Bob was invited to join The Global Flyfisher as a partner in the winter of 1999-2000 and has authored nearly a hundred articles in the past dozen years on GFF and other sites. His flies have been featured in books by John Shewey and Paul Marriner. See Bob's Mickey Finn.
Hank Rope owns and operates Big Indian Guide Service, located on the banks of the Esopus Creek and Lost Clove. Being on the Creek daily has given him intimate knowledge of stream life. Hank is interested mainly in tying and fishing Catskill style
flies, which he learned from the masters as president of the Catskill Fly Tyers Guild.Hank passes on his knowledge through fly tying classes held every winter at the Jerry Bartlett Angling Collection.

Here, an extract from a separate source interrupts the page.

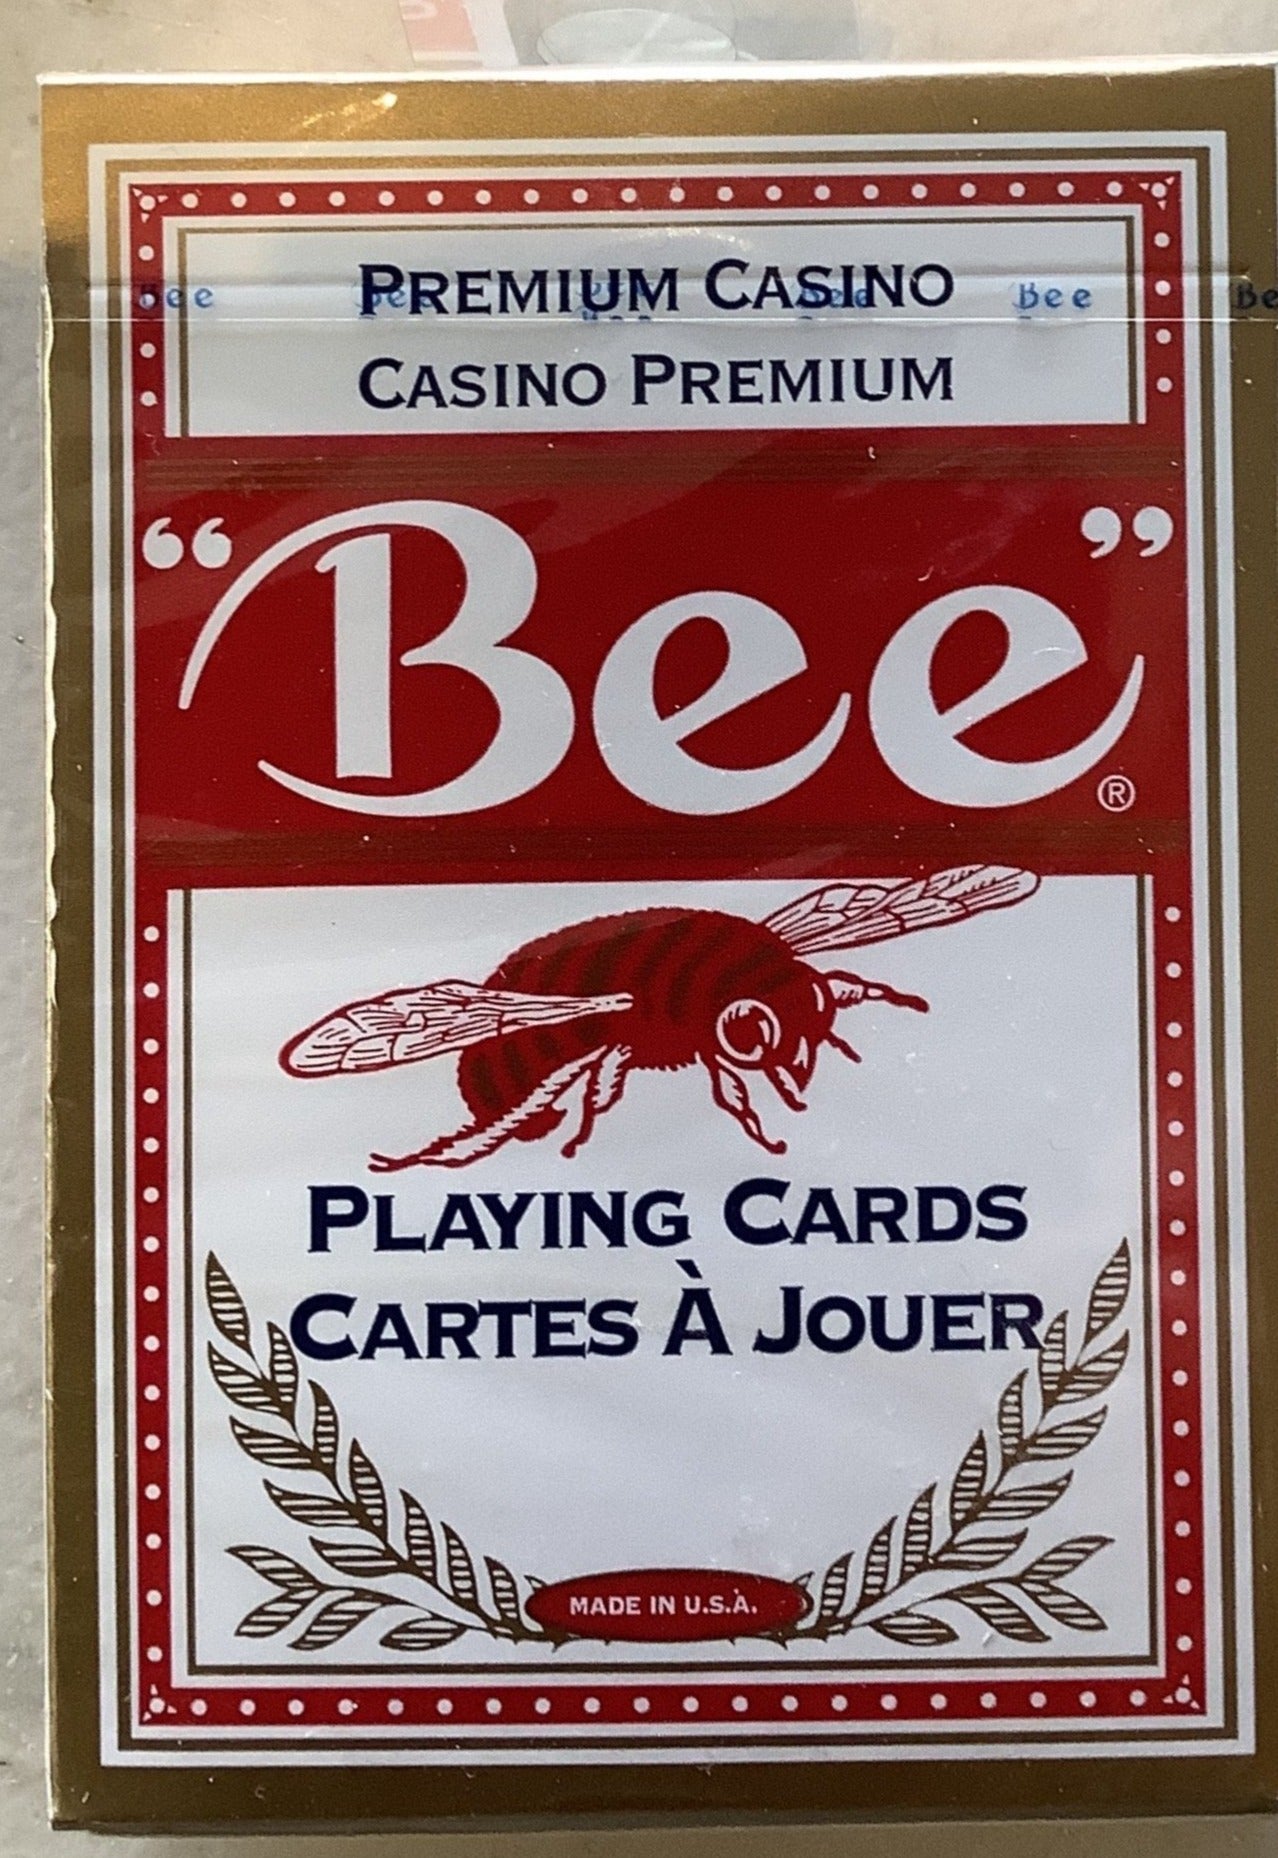 BEE Brand "Official Casino" Playing Cards

See Hank's Griffith's Gnat.
A lifelong fisherman, Todd moved to the Catskills in 2008 and has since devoted the rest of his life exclusively to the art of fly fishing. He has been a board member of the Ashokan-Pepacton Chapter of Trout Unlimited since 2009 serving as secretary for several years. His photography was recently featured in Eastern Fly Fishing magazine's spring 2013 article about the Esopus Creek. In 2012, he wrote a column for the Poughkeepsie Journal entitled "Healthy Rivers" about issues surrounding post Hurricane Irene clean-up and the future of protecting cold water trout fisheries. The turbidity that followed Irene inspired the design of his fly the New American, a modernized hybrid of the American Pheasant Tail with Gordon Hill's Nymphomaniac. You can also view his tie of the Henryville Special.
Joe David was born in Elizabeth, New Jersey in 1949 and grew up fishing the Catskills. His favorite river is the Esopus. Now he resides in Silver Spring, Maryland, and his home waters are the Savage River and North Branch of the Potomac, in Western Virginia. See Joe's Blue Wing Olive.